**** Source data ****

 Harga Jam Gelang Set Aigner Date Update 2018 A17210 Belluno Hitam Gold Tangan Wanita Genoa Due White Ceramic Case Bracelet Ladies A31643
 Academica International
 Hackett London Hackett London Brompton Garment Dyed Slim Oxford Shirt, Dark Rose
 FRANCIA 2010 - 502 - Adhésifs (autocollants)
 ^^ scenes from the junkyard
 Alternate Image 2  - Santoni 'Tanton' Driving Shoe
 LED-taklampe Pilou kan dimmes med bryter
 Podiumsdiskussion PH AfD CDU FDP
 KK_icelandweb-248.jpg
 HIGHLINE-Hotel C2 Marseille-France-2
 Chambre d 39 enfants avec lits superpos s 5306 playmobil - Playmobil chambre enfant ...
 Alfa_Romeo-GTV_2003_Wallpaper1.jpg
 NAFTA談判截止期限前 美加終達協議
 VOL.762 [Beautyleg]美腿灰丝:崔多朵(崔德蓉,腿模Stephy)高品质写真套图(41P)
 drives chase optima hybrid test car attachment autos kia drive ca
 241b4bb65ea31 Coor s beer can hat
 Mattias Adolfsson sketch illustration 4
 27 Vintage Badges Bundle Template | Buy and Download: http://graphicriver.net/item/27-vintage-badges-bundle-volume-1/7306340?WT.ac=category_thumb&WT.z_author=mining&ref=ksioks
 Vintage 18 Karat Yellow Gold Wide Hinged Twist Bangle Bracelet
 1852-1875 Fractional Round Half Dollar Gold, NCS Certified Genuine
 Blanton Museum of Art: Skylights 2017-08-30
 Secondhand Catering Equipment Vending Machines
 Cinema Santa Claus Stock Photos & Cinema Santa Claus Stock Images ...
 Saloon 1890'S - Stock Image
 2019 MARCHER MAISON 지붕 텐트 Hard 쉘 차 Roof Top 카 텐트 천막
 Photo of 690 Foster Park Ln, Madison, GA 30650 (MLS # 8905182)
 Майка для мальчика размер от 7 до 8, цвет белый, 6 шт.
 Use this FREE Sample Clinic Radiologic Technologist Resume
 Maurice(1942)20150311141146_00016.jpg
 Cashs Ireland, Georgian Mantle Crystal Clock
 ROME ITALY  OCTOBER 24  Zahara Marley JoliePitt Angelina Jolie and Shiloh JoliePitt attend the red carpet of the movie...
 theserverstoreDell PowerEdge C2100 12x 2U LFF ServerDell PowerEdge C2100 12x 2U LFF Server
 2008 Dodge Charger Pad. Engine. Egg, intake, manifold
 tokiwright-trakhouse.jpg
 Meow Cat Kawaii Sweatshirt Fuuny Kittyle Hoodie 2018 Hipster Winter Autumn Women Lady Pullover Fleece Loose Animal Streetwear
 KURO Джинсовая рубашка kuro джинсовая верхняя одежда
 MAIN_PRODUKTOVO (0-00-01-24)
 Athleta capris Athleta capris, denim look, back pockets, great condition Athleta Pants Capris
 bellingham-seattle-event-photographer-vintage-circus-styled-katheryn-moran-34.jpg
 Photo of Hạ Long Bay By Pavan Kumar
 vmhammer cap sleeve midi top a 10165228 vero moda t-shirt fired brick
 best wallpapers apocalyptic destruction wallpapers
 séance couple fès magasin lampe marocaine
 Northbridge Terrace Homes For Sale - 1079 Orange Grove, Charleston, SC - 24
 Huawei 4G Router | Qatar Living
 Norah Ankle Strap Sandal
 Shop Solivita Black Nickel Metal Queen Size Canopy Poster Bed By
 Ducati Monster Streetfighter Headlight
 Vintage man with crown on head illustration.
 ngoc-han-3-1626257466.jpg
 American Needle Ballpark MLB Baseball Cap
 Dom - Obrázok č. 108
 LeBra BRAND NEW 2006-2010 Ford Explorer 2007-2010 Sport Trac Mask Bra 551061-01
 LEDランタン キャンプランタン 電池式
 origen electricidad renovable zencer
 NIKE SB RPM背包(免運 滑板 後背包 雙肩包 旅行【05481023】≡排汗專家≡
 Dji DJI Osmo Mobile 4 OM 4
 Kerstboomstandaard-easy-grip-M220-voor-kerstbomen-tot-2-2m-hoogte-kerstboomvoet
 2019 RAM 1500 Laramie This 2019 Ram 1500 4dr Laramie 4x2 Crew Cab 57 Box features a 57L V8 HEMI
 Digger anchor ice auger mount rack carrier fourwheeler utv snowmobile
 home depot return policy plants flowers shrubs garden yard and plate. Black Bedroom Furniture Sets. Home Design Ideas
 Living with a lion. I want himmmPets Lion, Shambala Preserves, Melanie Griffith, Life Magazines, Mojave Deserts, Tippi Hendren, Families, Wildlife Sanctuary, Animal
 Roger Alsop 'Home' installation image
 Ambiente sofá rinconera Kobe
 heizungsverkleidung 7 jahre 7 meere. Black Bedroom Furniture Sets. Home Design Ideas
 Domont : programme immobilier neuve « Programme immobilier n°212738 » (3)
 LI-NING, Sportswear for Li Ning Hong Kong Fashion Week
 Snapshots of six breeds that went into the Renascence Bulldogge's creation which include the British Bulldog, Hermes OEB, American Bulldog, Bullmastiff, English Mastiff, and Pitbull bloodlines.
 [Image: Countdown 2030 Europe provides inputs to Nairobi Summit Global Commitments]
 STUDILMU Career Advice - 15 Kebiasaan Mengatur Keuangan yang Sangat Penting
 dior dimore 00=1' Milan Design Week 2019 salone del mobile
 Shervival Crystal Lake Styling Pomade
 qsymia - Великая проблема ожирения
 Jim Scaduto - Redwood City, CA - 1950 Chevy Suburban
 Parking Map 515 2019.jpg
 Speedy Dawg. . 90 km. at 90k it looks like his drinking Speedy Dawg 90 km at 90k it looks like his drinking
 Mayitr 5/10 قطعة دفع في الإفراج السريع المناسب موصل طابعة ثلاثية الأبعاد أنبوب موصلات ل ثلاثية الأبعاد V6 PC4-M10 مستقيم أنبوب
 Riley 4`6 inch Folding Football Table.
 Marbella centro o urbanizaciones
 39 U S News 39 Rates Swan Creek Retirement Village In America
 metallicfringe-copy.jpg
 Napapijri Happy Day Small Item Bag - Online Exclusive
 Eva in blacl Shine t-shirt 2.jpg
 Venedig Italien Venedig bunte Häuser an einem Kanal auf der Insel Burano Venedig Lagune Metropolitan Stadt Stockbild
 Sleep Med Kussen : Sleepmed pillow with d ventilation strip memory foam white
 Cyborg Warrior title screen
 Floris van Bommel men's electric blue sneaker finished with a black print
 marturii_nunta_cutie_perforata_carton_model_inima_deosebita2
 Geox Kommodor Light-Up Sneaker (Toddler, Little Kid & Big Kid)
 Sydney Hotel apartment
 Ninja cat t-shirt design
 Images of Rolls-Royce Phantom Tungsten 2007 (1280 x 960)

****

Your goal: Lines above that include the string "Gold" need to be copied.

Response below:
 Harga Jam Gelang Set Aigner Date Update 2018 A17210 Belluno Hitam Gold Tangan Wanita Genoa Due White Ceramic Case Bracelet Ladies A31643
 Vintage 18 Karat Yellow Gold Wide Hinged Twist Bangle Bracelet
 1852-1875 Fractional Round Half Dollar Gold, NCS Certified Genuine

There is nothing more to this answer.